With the new capacity, “we may now be producing more power than we need.” Bates’s sustainability office covered the cost of the 2017 installation, approximately $10,000.
On its own terms, the full solar conversion is an important achievement. “Those panels will be doing their job for 45 years, so it’s a pretty big impact in terms of that building,” says Twist. But he also has a different kind of investment in mind: human capital.
“The main focus of the project was to actually get students on the roof installing panels,” he explains. It’s good experience in and of itself, but it’s also about raising consciousness, both for the EcoReps and for people who learn about the project.
All the projects that Twist and his student EcoReps undertake are designed to “give students, staff and faculty some ownership of sustainability,” he says. “All these things that we’re trying to do are just to get folks feeling like, ‘Oh, this is part of who we are.‘”
And going the full monty with solar electricity harmonizes with one of Sewall’s dreams for the center: making it a showcase of sustainable practices. She’s thinking of things like detailed energy-use monitoring, heat pumps to complement the existing gas furnace, and even a charging station for electric vehicles.
Not to mention battery storage for the solar-generated electricity, e.g. Tesla’s PowerWall. This is no small matter: Because of the way the solar array is tied to the regional grid, a failure of the grid means no juice for Shortridge.
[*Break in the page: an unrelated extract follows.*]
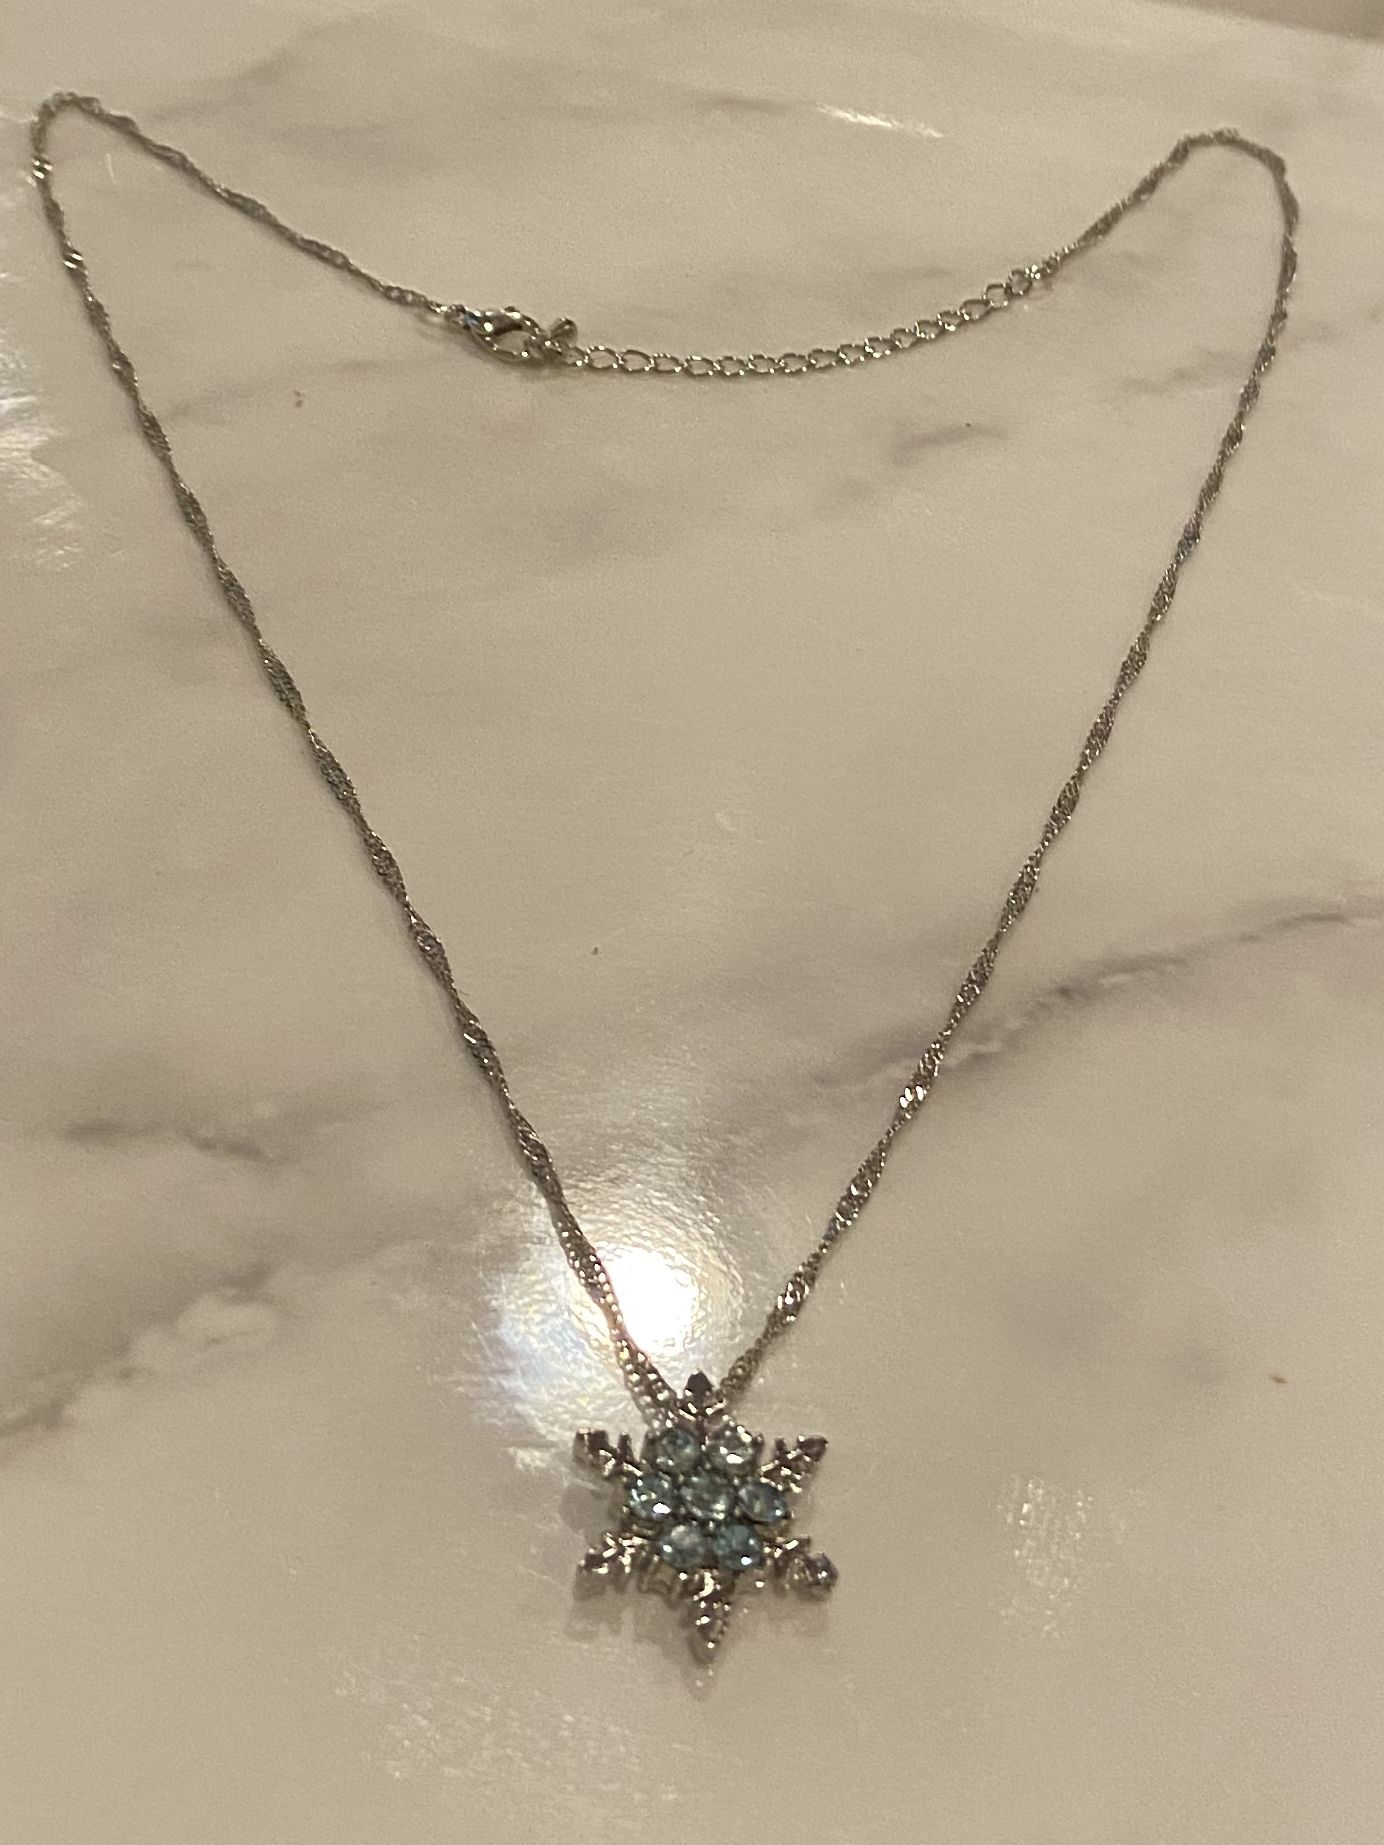 Aqua marine snow flake necklace
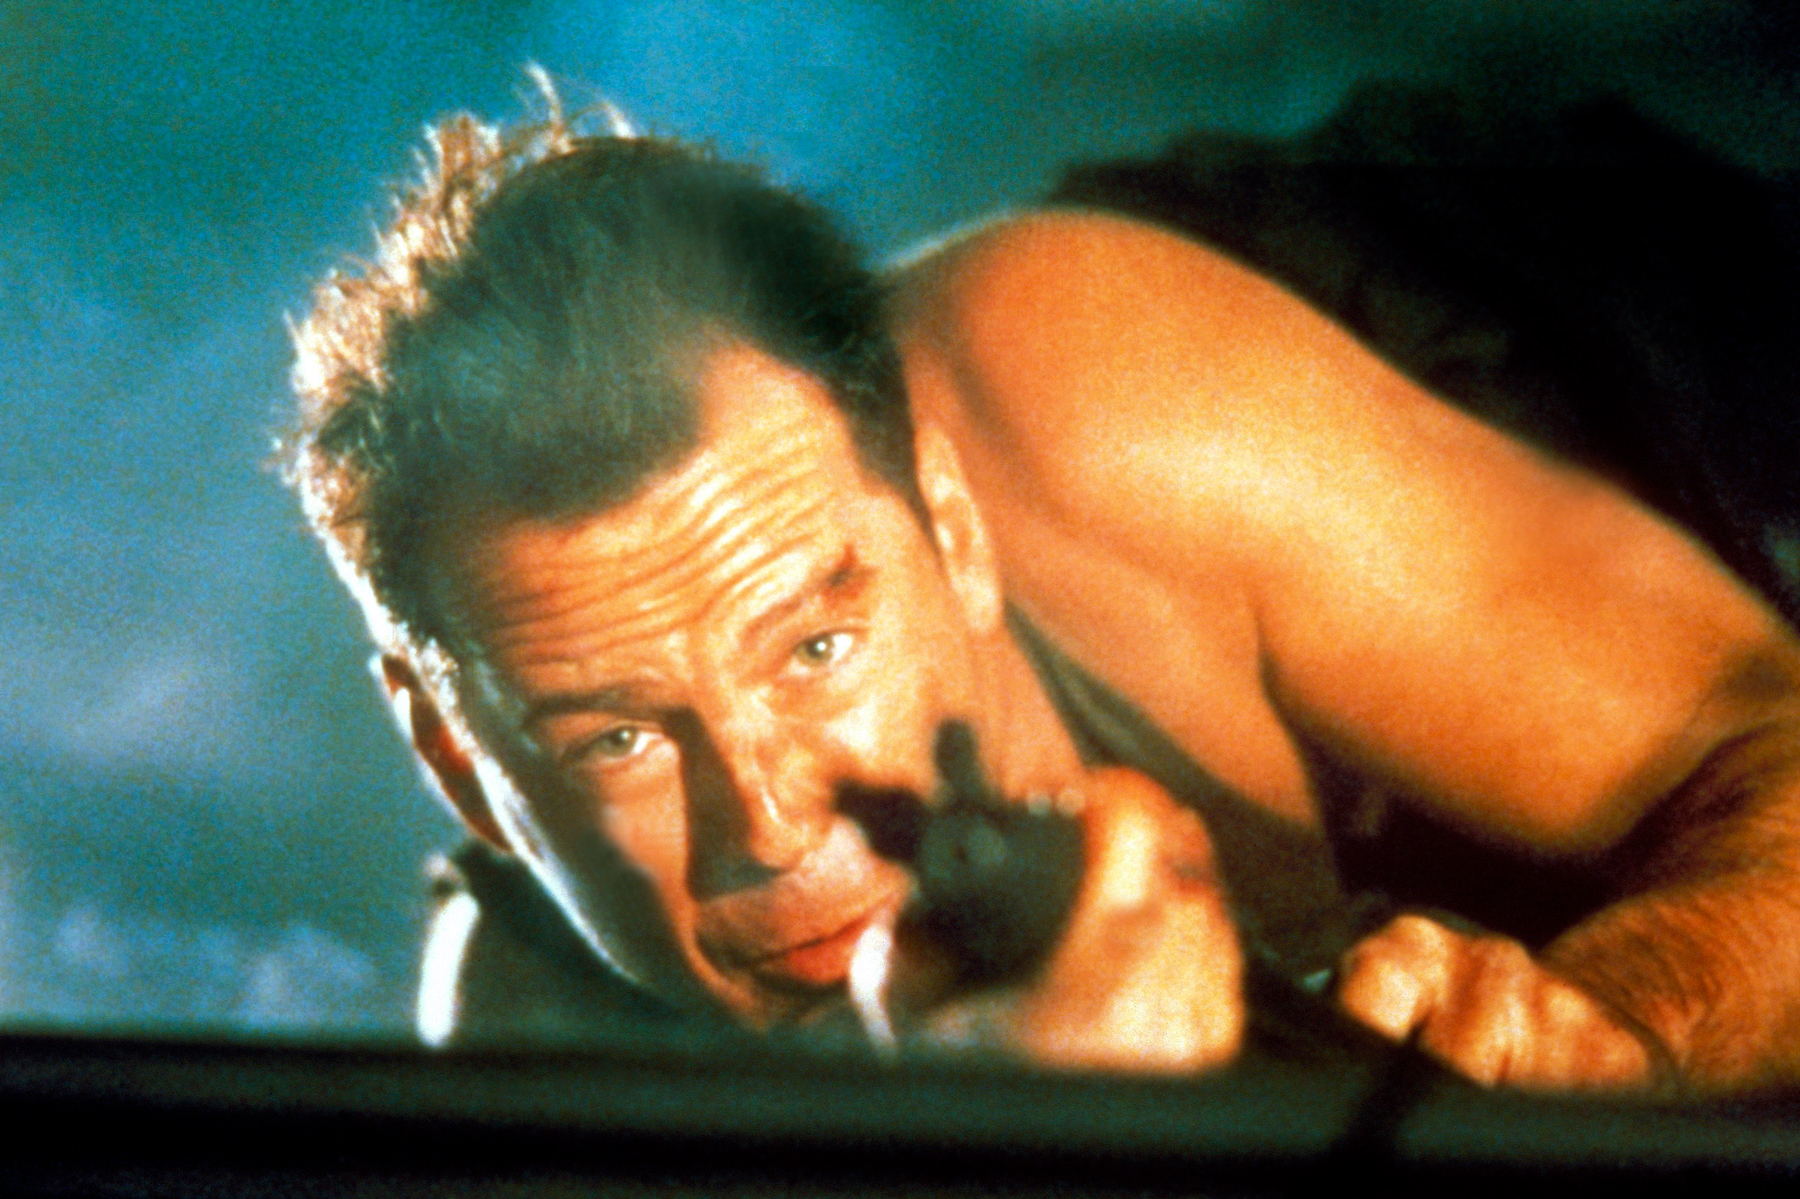 DIE HARD, Bruce Willis, 1988, TM & Copyright (c) 20th Century Fox Film Corp./courtesy Everett Collection

The center was dark for six days following the Oct. 30 storm that left so many Mainers without power.
“Oh, this is part of who we are.”
EcoReps are applying for a Bates Green Innovation Grant for the storage capacity, as well as another for the energy monitoring system. Sewall says that an EcoRep told her that “we want to call it the Shortridge Sustainability Lab” — meaning a place “to try ideas for developing a sustainable building, and a model of sustainability for students who are there.”
Bates people use Shortridge for retreats, class sessions, and as a base camp for research at the nearby conservation area, with its woods, salt marsh, and beach. Up a long driveway from the road, surrounded by trees and set near a pond, the center’s location is ideal.
So there’s a certain unity to using the building to model ways of protecting its natural setting. “I think anyone who has been to Shortridge will agree that it feels like an oasis from the hectic atmosphere of campus,” Curtis says.
“It’s fitting that when I turn the lights on, I know the electricity has been generated renewably in an effort to protect healthy ecosystems like the ones around the house.”